*** Opening of Supplied information ***

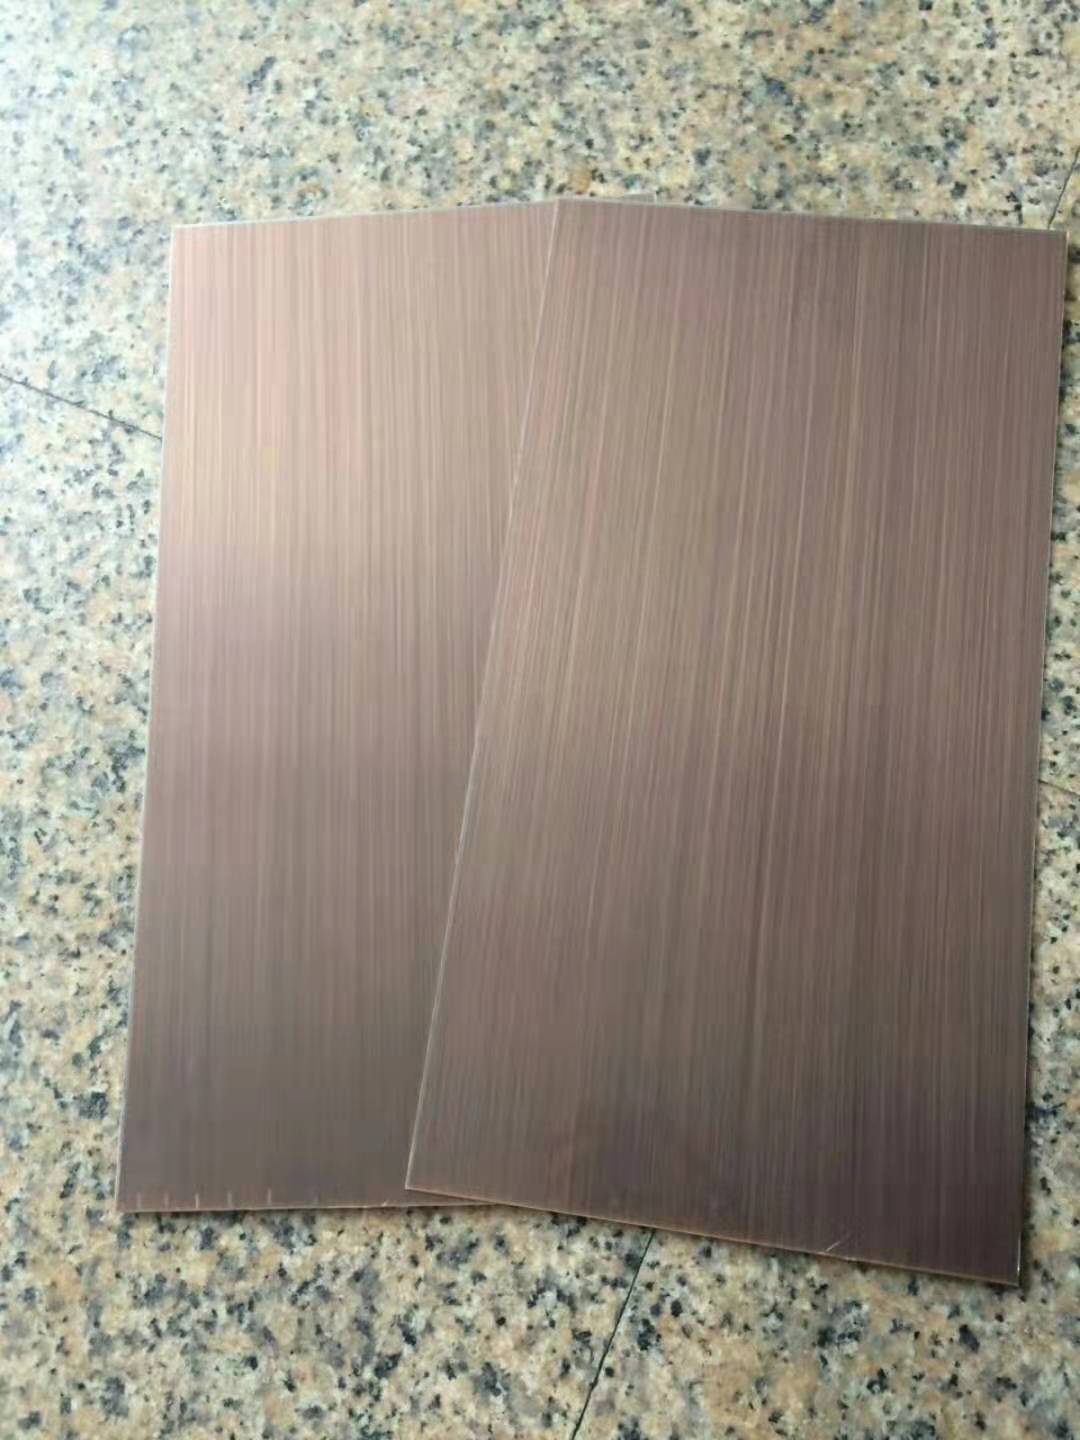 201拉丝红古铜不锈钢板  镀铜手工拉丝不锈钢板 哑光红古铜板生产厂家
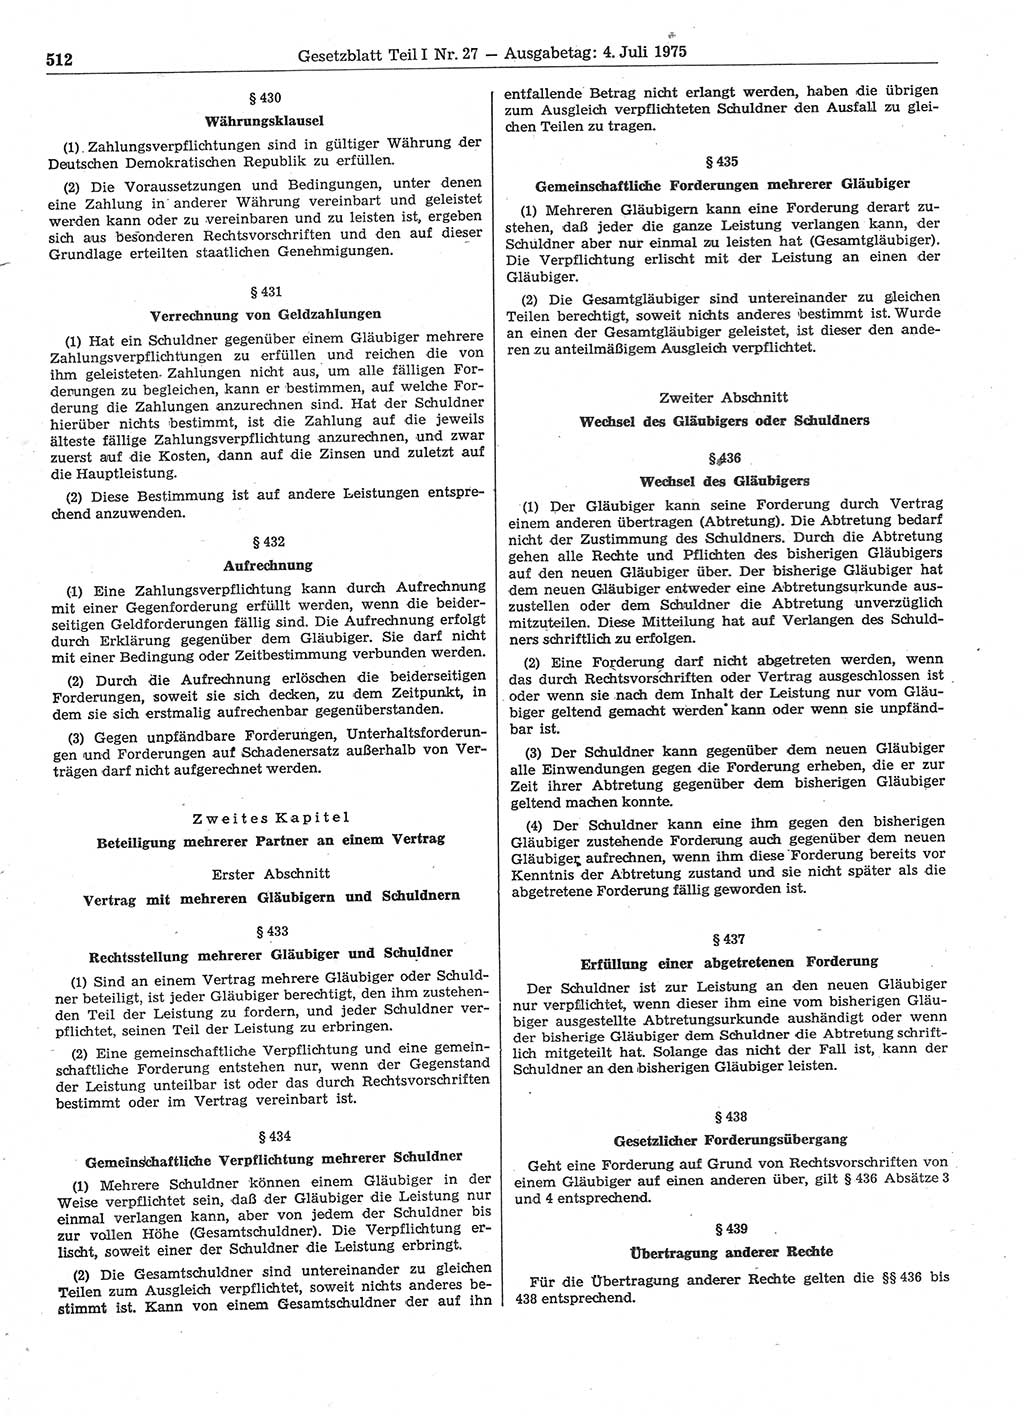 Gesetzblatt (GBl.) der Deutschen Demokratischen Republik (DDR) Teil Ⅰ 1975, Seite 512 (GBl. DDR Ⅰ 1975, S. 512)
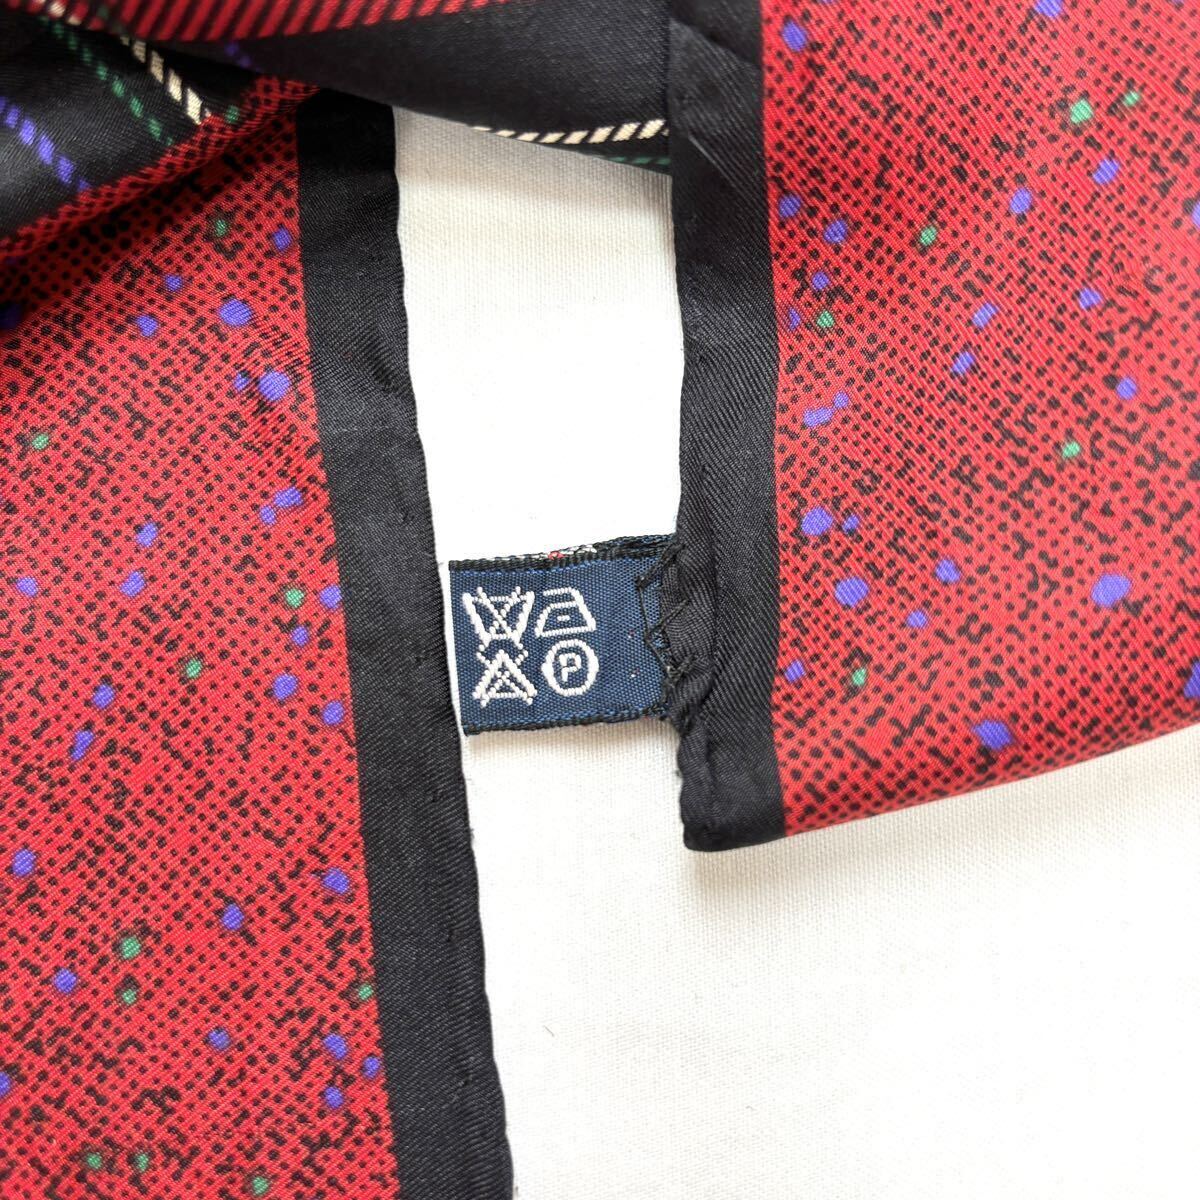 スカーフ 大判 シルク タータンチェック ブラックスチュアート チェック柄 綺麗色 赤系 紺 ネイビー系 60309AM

*** Close of Supplied information ***

Exercise objective. Return the whole listing, word for word, and leave out every picture.

Output of the task.
 201拉丝红古铜不锈钢板  镀铜手工拉丝不锈钢板 哑光红古铜板生产厂家
 Gesetzblatt (GBl.) der Deutschen Demokratischen Republik (DDR) Teil Ⅰ 1975, Seite 512 (GBl. DDR Ⅰ 1975, S. 512)
 スカーフ 大判 シルク タータンチェック ブラックスチュアート チェック柄 綺麗色 赤系 紺 ネイビー系 60309AM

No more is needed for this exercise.